Remove VLLM Service (Optional)

Since you’re using an external LLM, you can remove the llm service from docker-compose.yml to save resources:
# Remove or comment out this entire section:
# llm:
#   image: vllm/vllm-openai:v0.11.0
#   ...
4

Restart Services

Apply the changes:
docker compose up --build

Ollama (Local)

To use a locally running Ollama instance:
1

Install and Start Ollama

Install Ollama from ollama.ai and pull a model:
ollama pull gemma3
2

Update docker-compose.yml

Configure the backend to connect to your host machine:
backend:
  image: unmute-backend:latest
  environment:
    - KYUTAI_STT_URL=ws://stt:8080
    - KYUTAI_TTS_URL=ws://tts:8080
    - KYUTAI_LLM_URL=http://host.docker.internal:11434
    - KYUTAI_LLM_MODEL=gemma3
    - KYUTAI_LLM_API_KEY=ollama
    - NEWSAPI_API_KEY=$NEWSAPI_API_KEY
  extra_hosts:
    - "host.docker.internal:host-gateway"
The extra_hosts section allows Docker containers to access services running on the host machine.
3

Remove VLLM Service (Optional)

Remove the llm service definition from docker-compose.yml to free up GPU memory.
4

Restart Services

docker compose up --build

Mistral AI

To use Mistral’s API:
backend:
  environment:
    - KYUTAI_LLM_URL=https://api.mistral.ai/v1
    - KYUTAI_LLM_MODEL=mistral-small-latest
    - KYUTAI_LLM_API_KEY=your-mistral-api-key

Custom VLLM Server

If you’re running your own VLLM server elsewhere:
backend:
  environment:
    - KYUTAI_LLM_URL=http://your-vllm-server:8000
    - KYUTAI_LLM_MODEL=meta-llama/Llama-3.2-1B-Instruct
    # API key may not be needed for private VLLM instances

Dockerless Configuration

For dockerless deployments, set the environment variables before starting the backend:
export KYUTAI_LLM_URL=https://api.openai.com/v1
export KYUTAI_LLM_MODEL=gpt-4.1
export KYUTAI_LLM_API_KEY=sk-...

./dockerless/start_backend.sh
Or modify the dockerless/start_backend.sh script to include these variables.

Model Selection

The LLM is displayed in conversation system prompts. The backend automatically formats the model name for readability (e.g., meta-llama/Llama-3.2-1B-Instruct becomes “meta llama Llama 3.2 1B Instruct”). For local VLLM deployment:
  • meta-llama/Llama-3.2-1B-Instruct - Lightweight, 16GB VRAM (default)
  • mistralai/Mistral-Small-3.2-24B-Instruct-2506 - Higher quality, requires more VRAM
  • google/gemma-3-12b-it - Good balance of quality and performance
For external APIs:
  • OpenAI: gpt-4o, gpt-4.1, or gpt-3.5-turbo
  • Mistral: mistral-small-latest or mistral-large-latest
  • Ollama: gemma3, llama3, mistral, etc.
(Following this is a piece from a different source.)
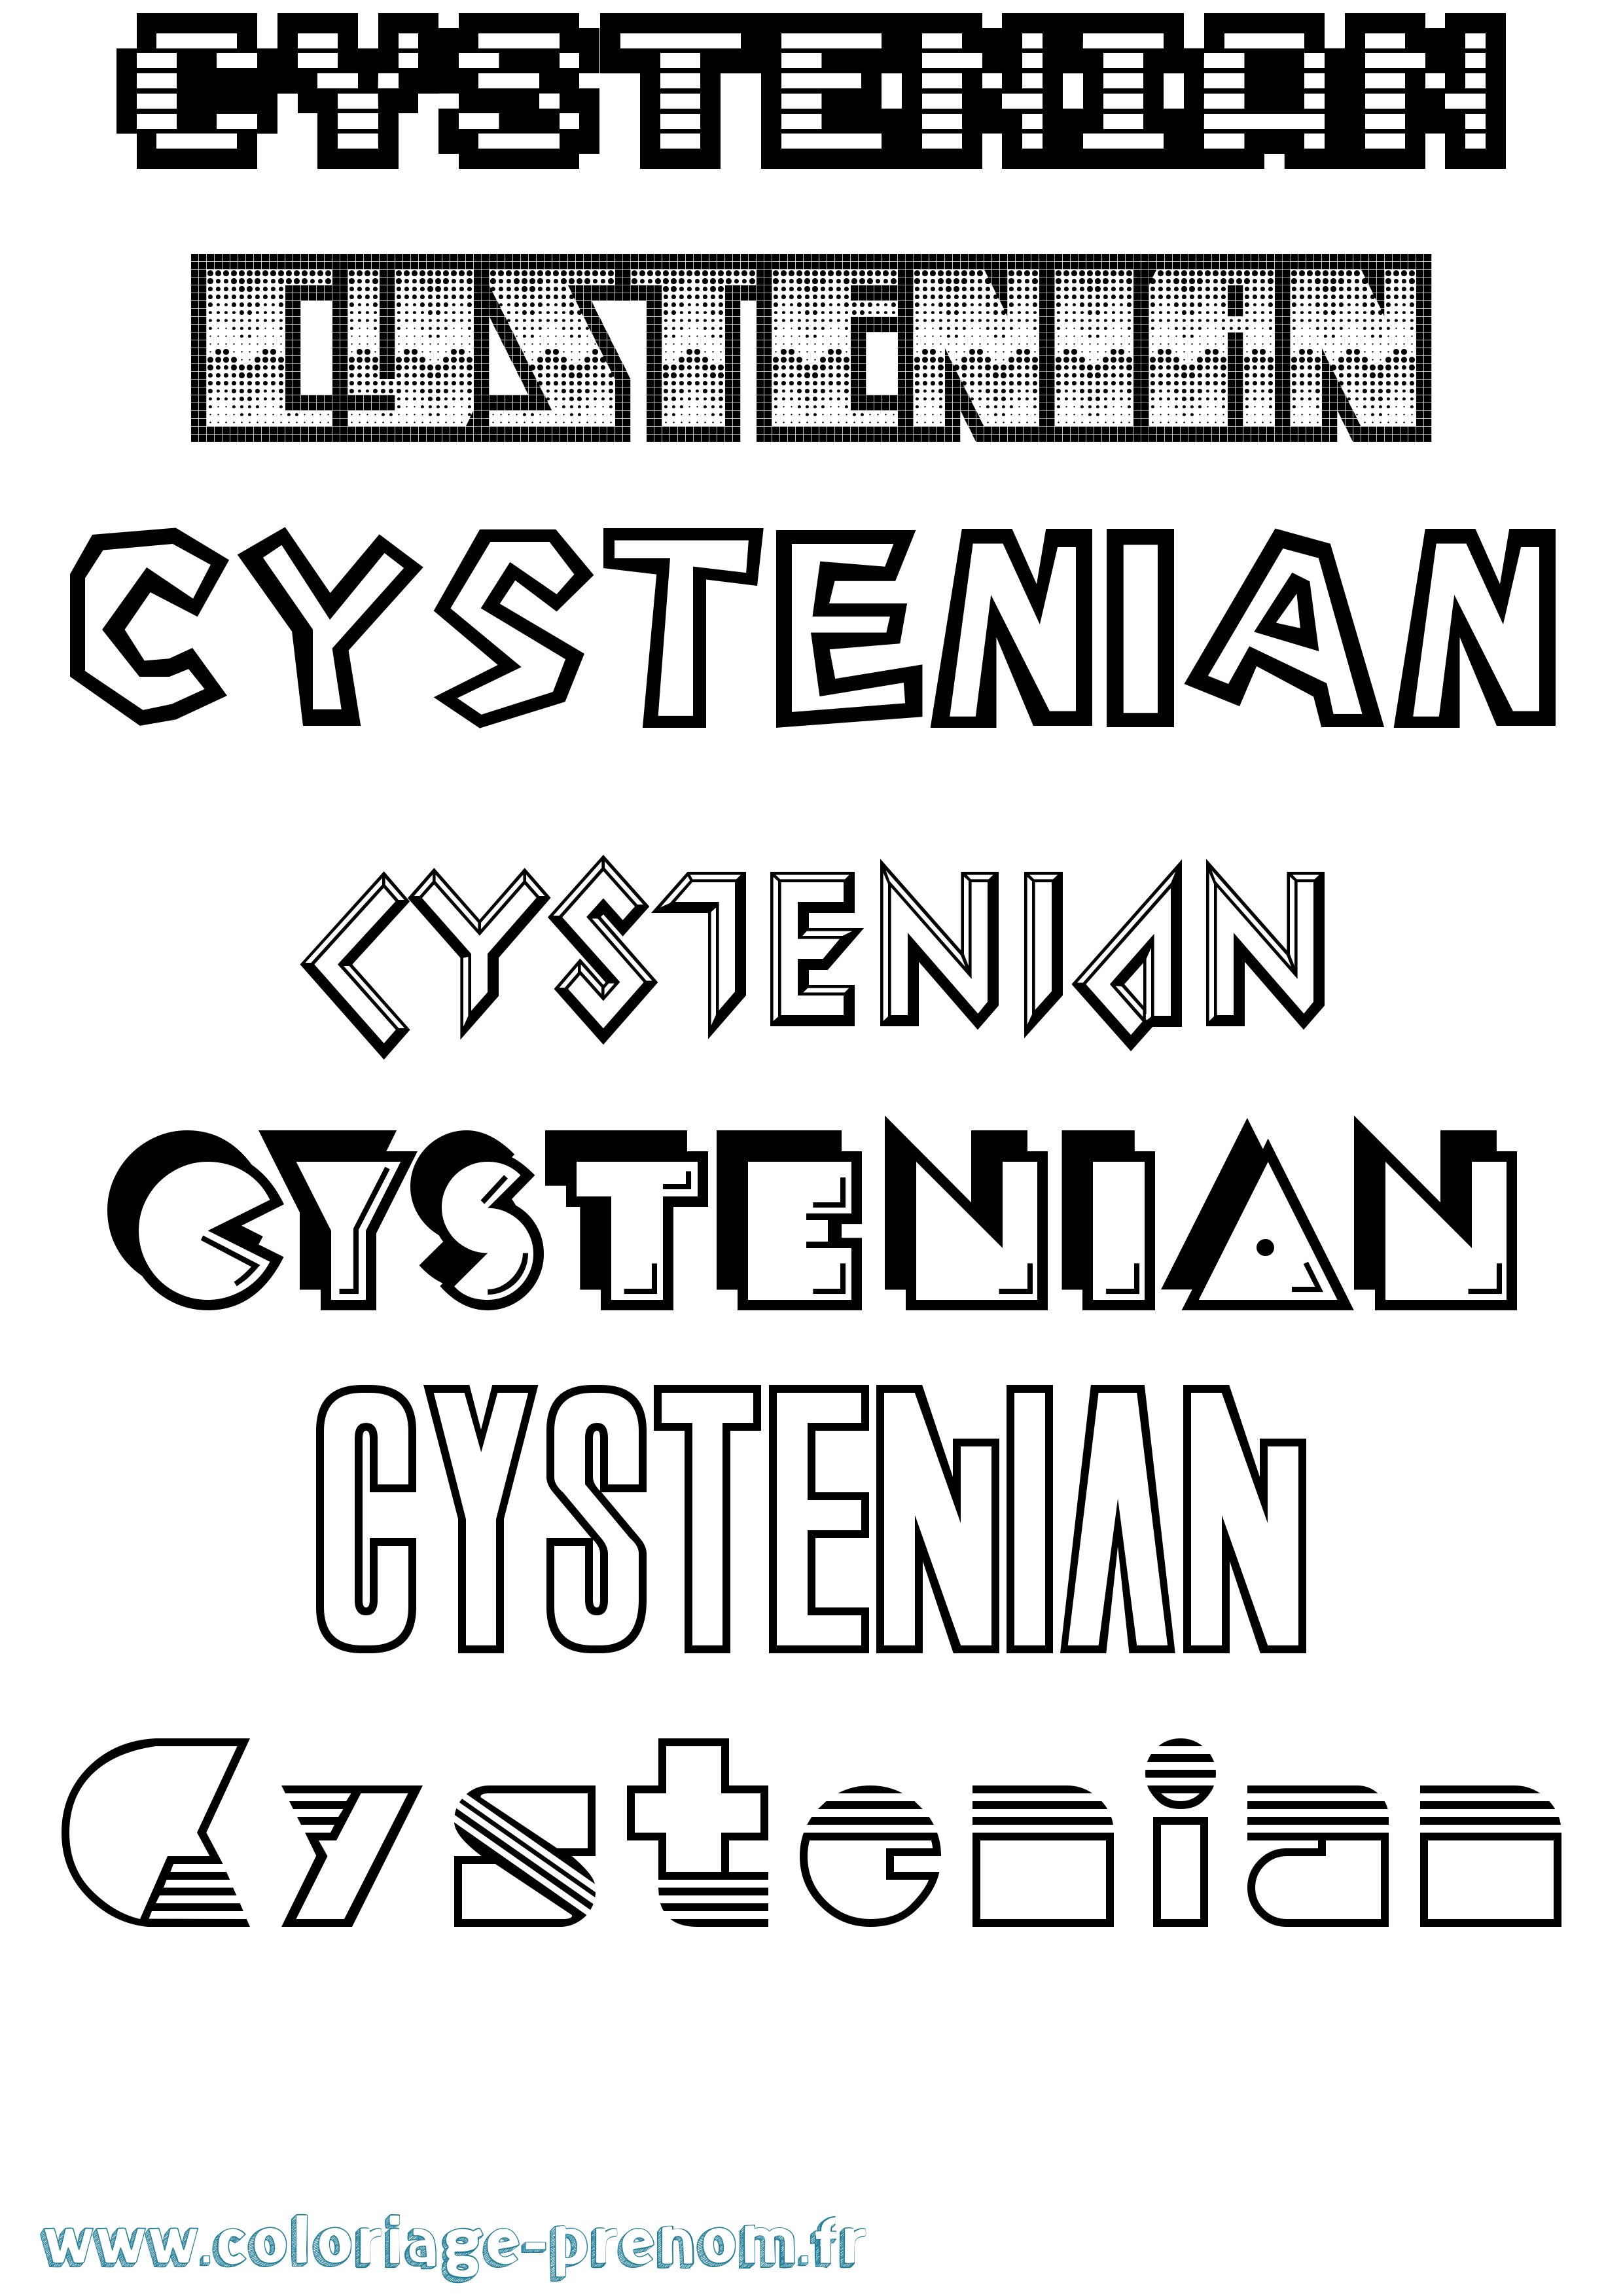 Coloriage prénom Cystenian Jeux Vidéos

LLM Requirements for Unmute

Unmute works best with models that:
Support streaming text generation for low-latency responses
Are optimized for conversational tasks
Follow instruction formats well
Generate concise responses suitable for speech

System Prompt Integration

The LLM receives a detailed system prompt that includes:
  • Base instructions for voice conversation format
  • Character-specific personality traits (from voices.yaml)
  • Language instructions (English/French support)
  • Context about the Unmute system itself
  • Current date, time, and timezone (for relevant character types)
The system prompt is generated by unmute/llm/system_prompt.py and automatically includes the LLM model name.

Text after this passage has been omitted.